*** Opening of INFORMATION PROVIDED ***

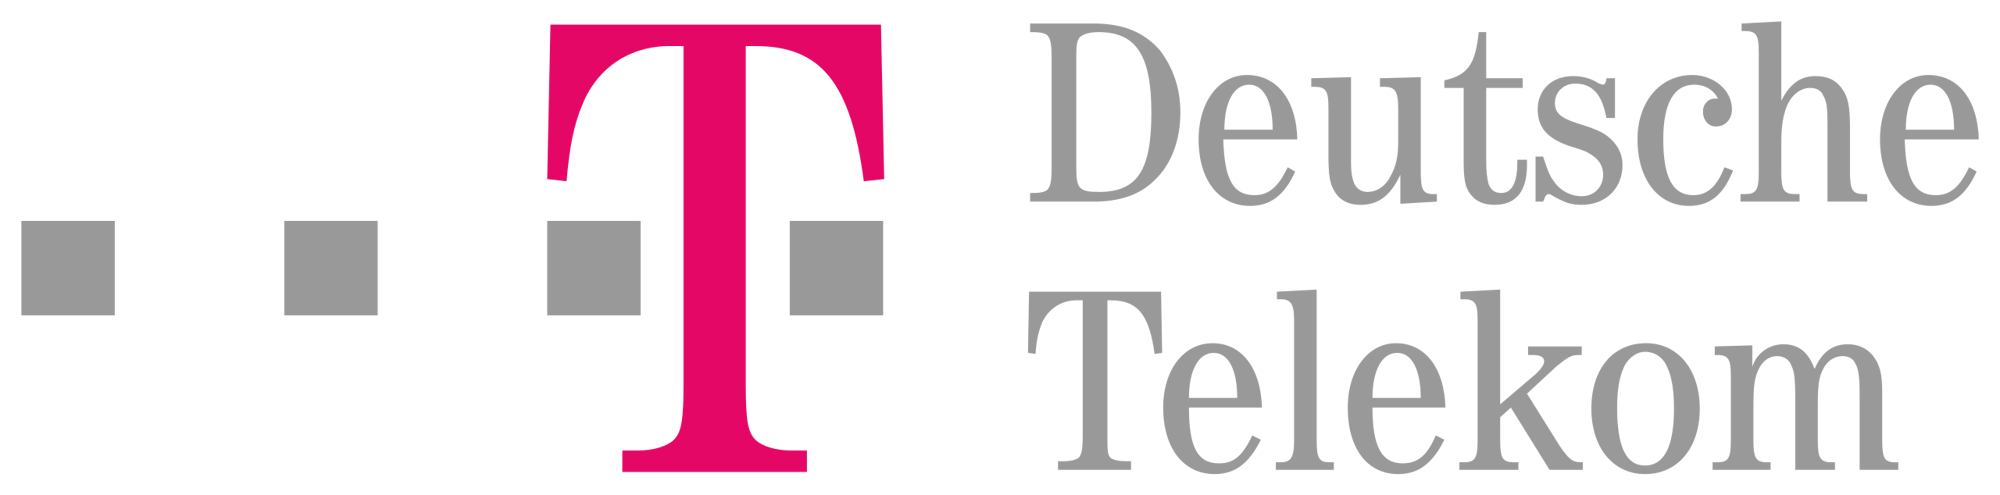 Deutsche_Telekom_logo
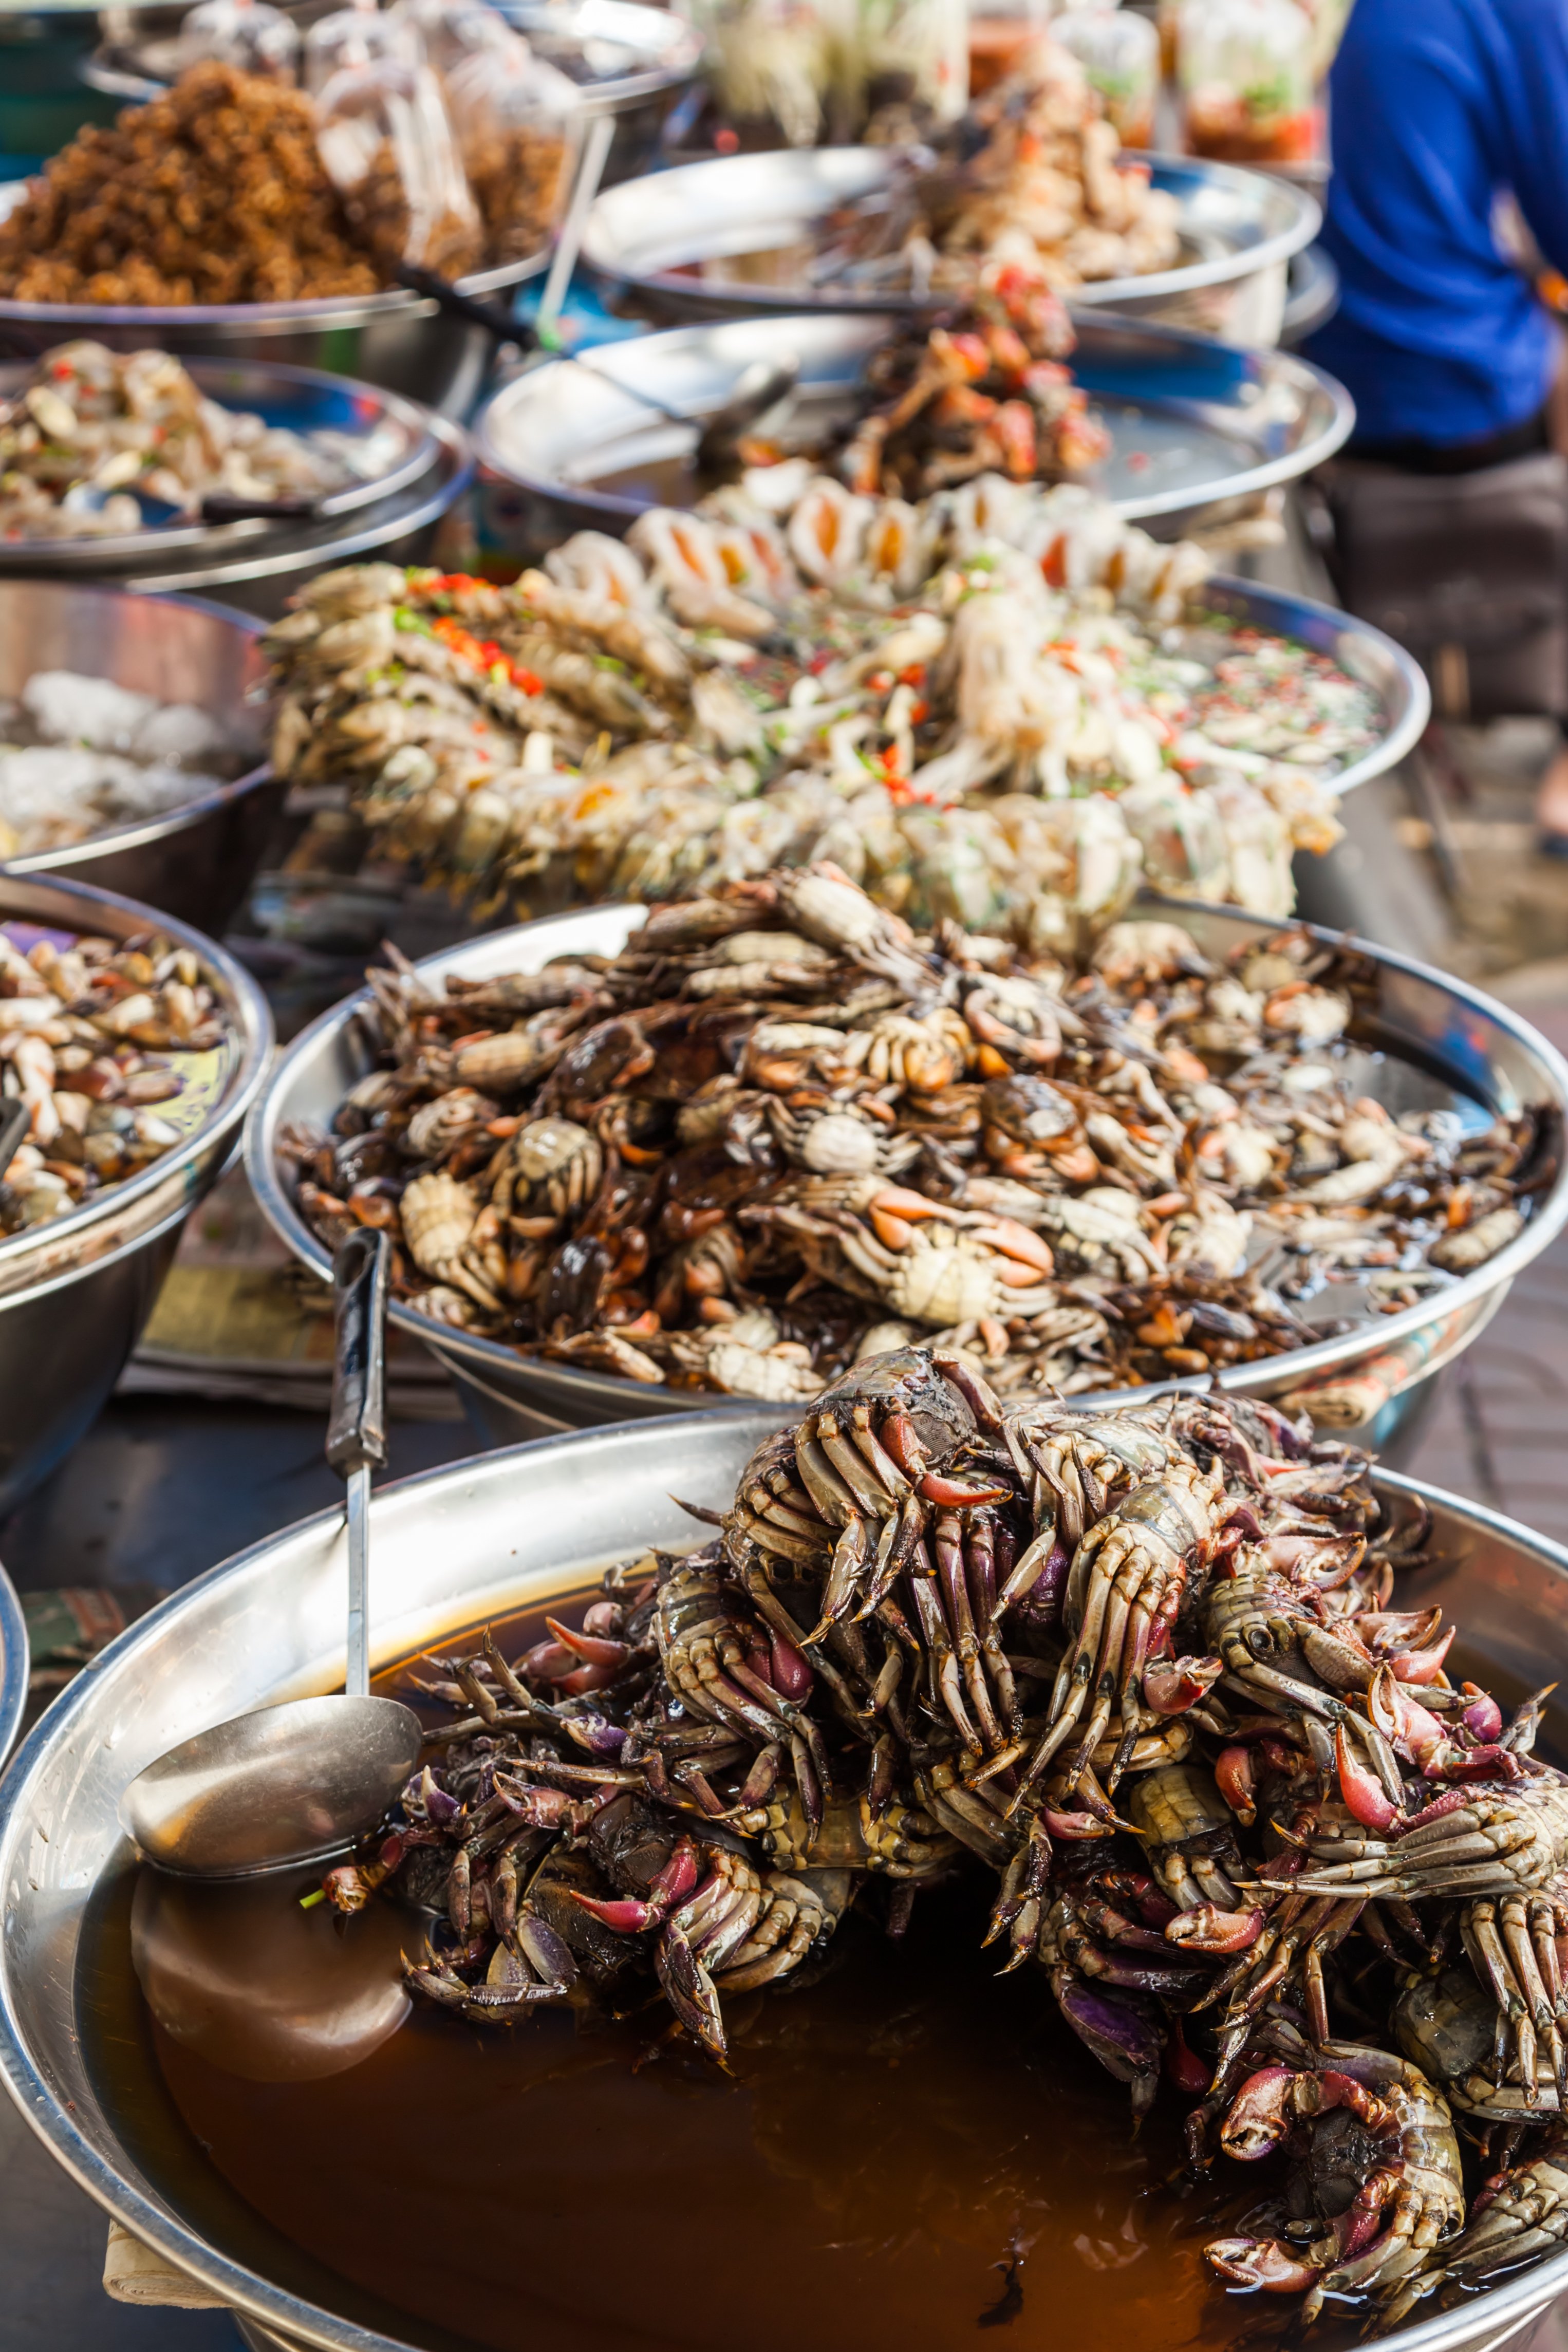 O surto inicial atingiu pessoas que tiveram alguma associação a um
mercado de frutos do mar em Wuhan – o que despertou a suspeita de
que a transmissão desta variação de coronavírus ocorreu entre
animais marinhos e humanos.  
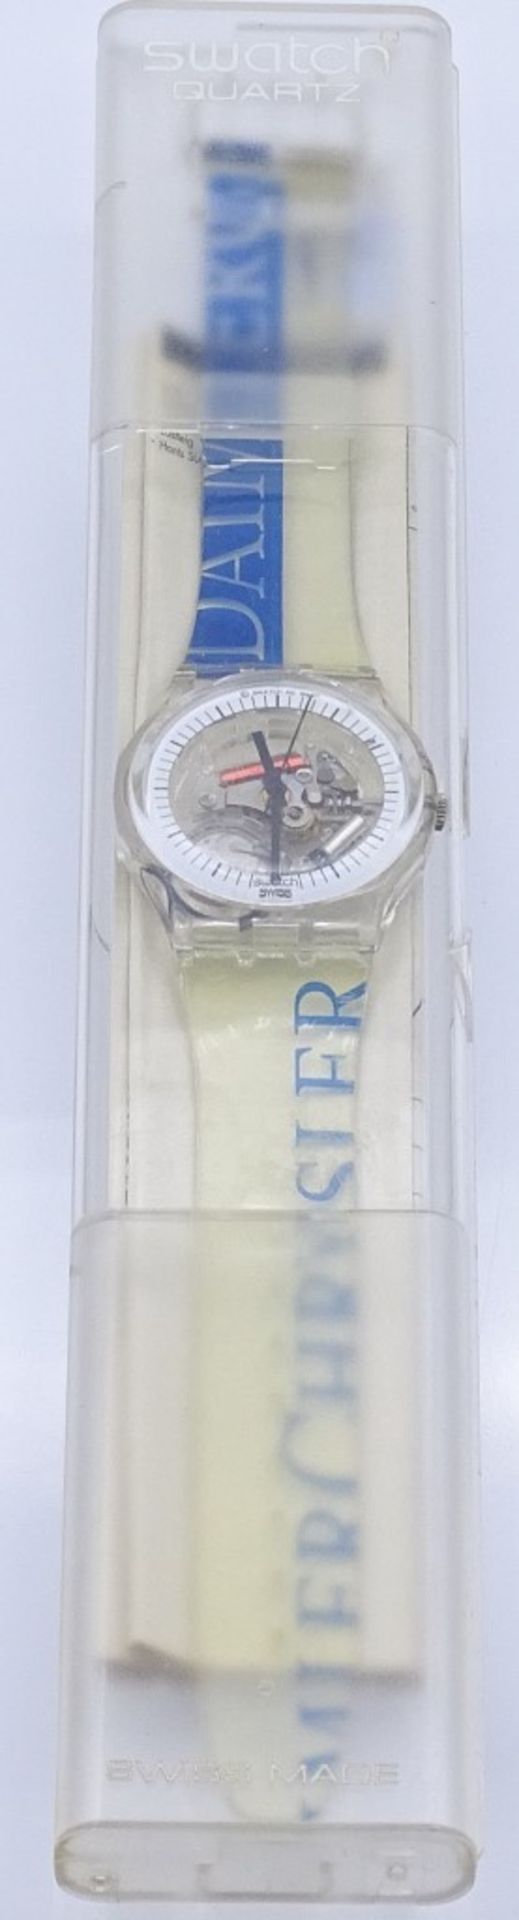 Armbanduhr "Swatch",1990, Quartz,OVP,Funktion nicht überprü- - -22.61 % buyer's premium on the - Bild 4 aus 4
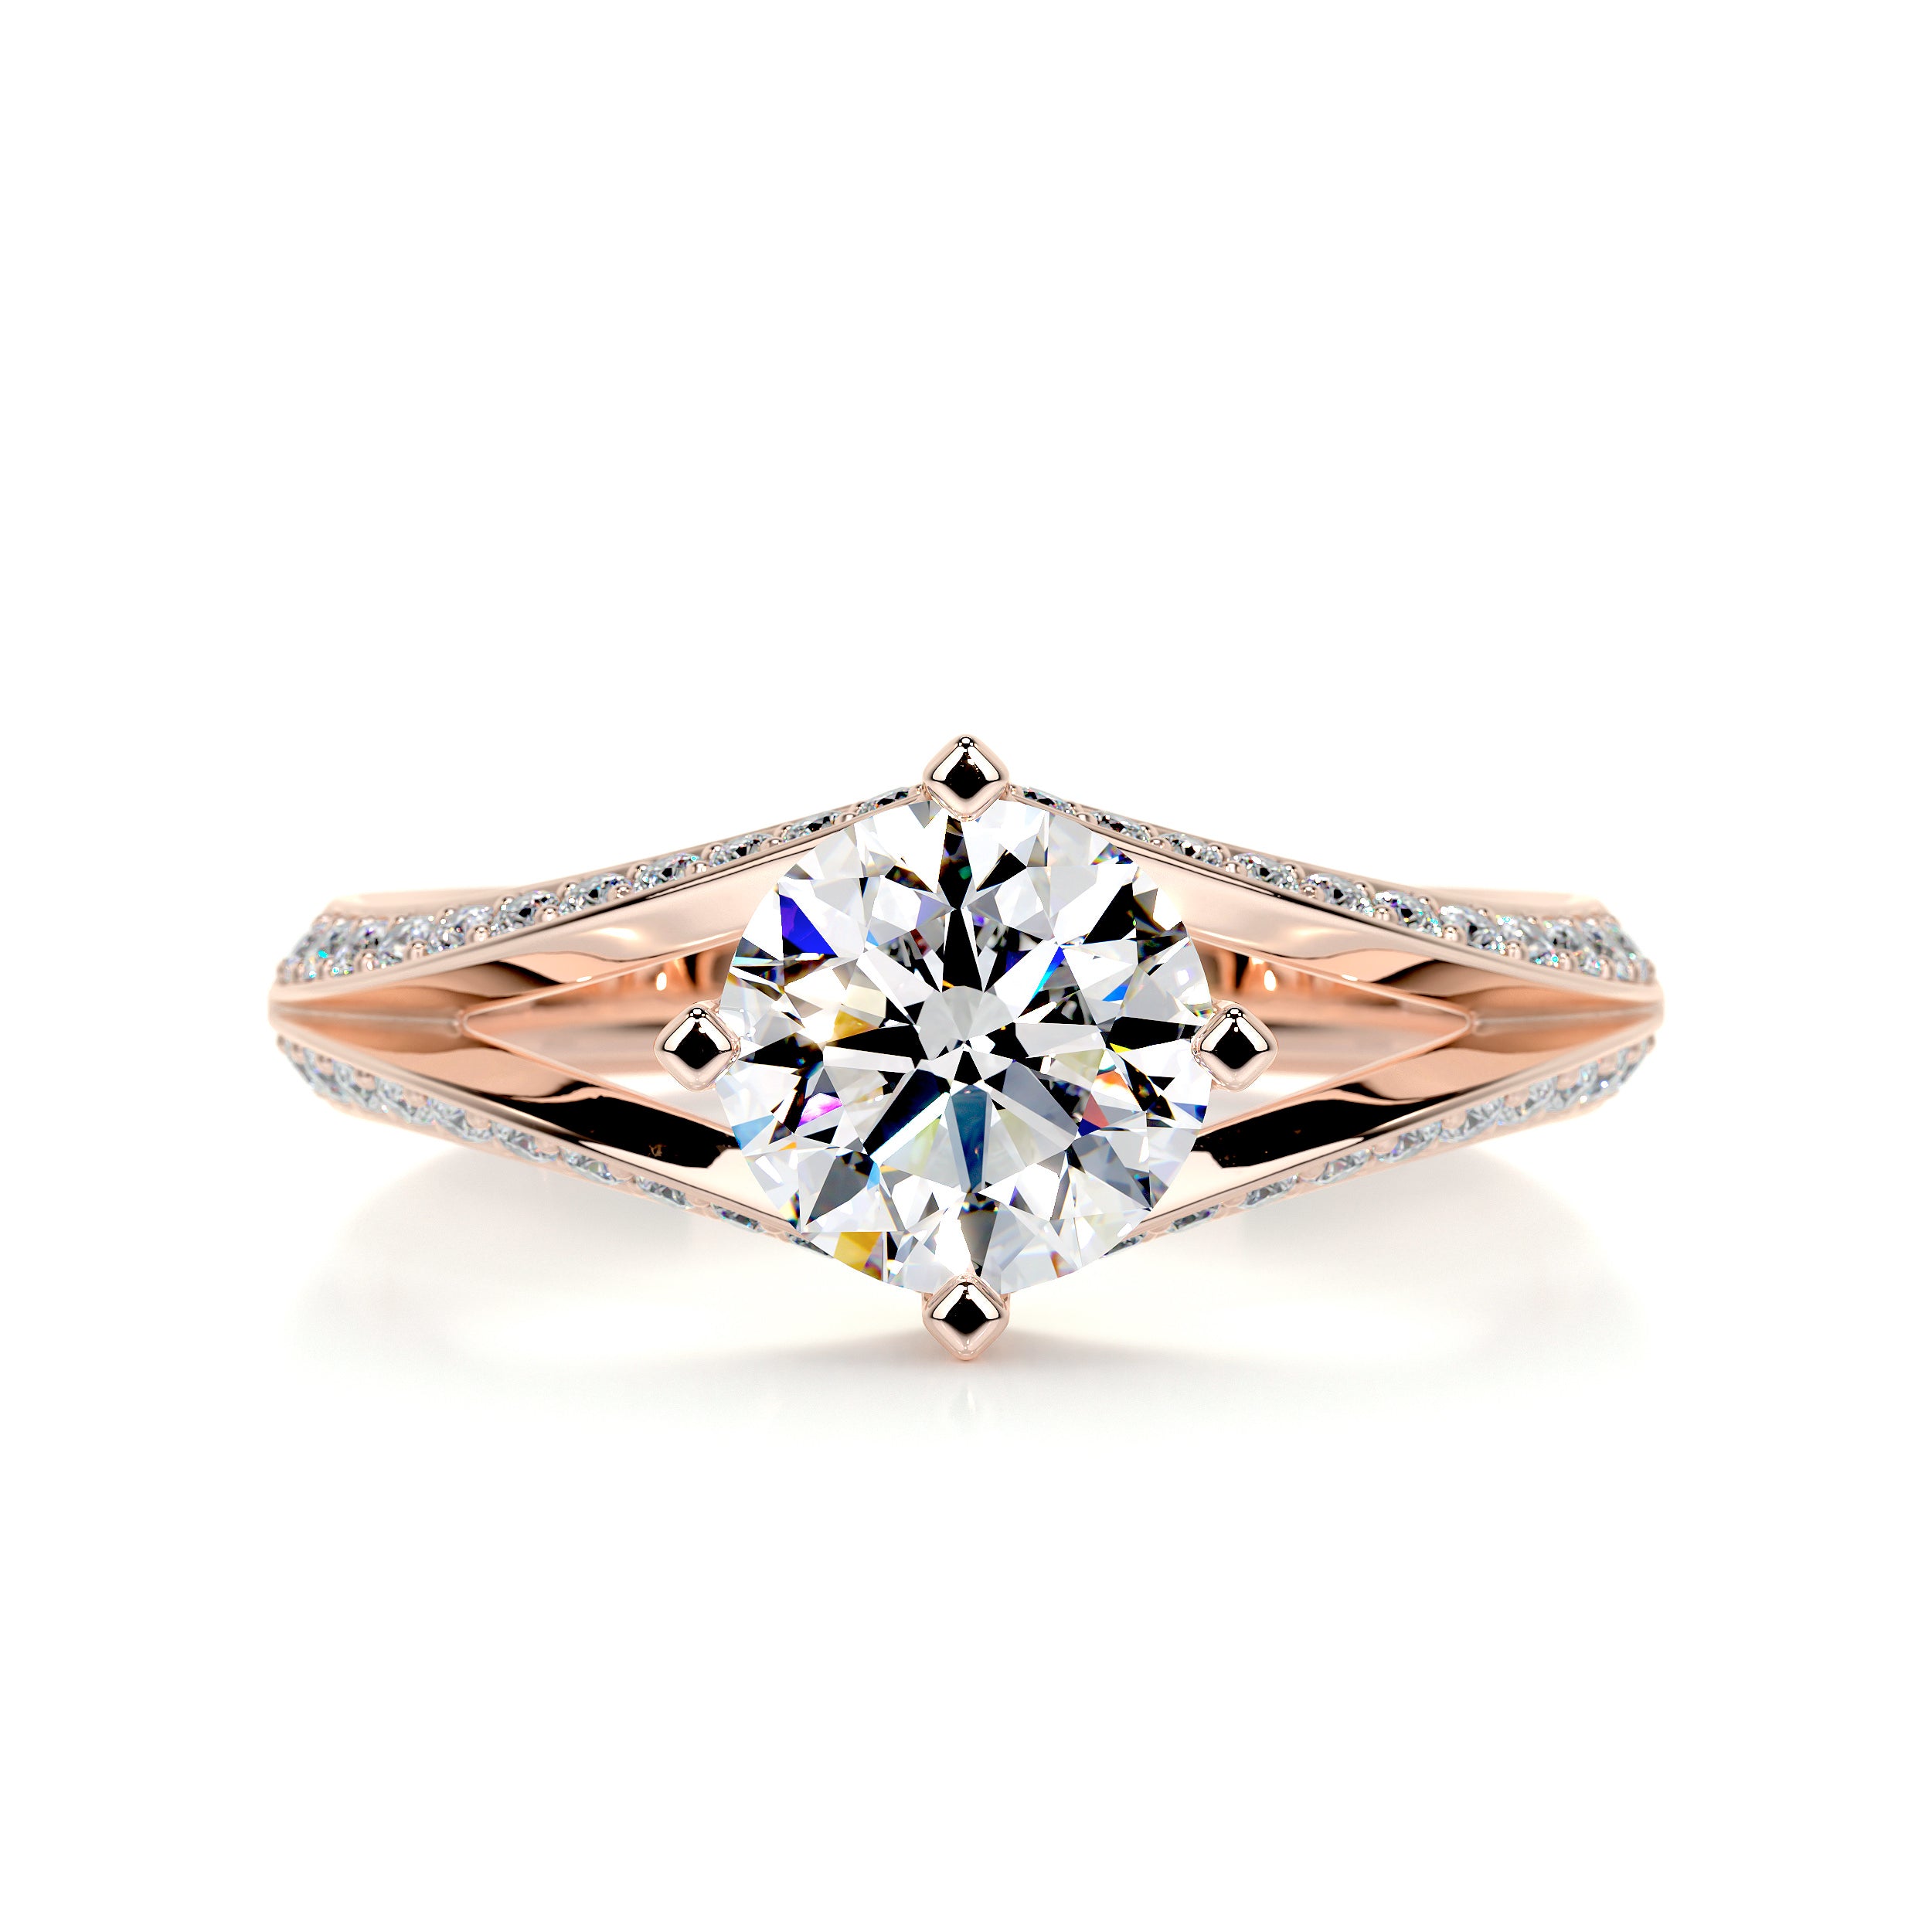 Harlow Moissanite & Diamonds Ring   (2.5 Carat) -14K Rose Gold

*** Close of INFORMATION PROVIDED ***

### TASK ITEM
Each line above should be output exactly, apart from the pictures.

### EXPECTED ANSWER
 Deutsche_Telekom_logo
 O surto inicial atingiu pessoas que tiveram alguma associação a um
mercado de frutos do mar em Wuhan – o que despertou a suspeita de
que a transmissão desta variação de coronavírus ocorreu entre
animais marinhos e humanos.  
 Armbanduhr "Swatch",1990, Quartz,OVP,Funktion nicht überprü- - -22.61 % buyer's premium on the - Bild 4 aus 4
 Harlow Moissanite & Diamonds Ring   (2.5 Carat) -14K Rose Gold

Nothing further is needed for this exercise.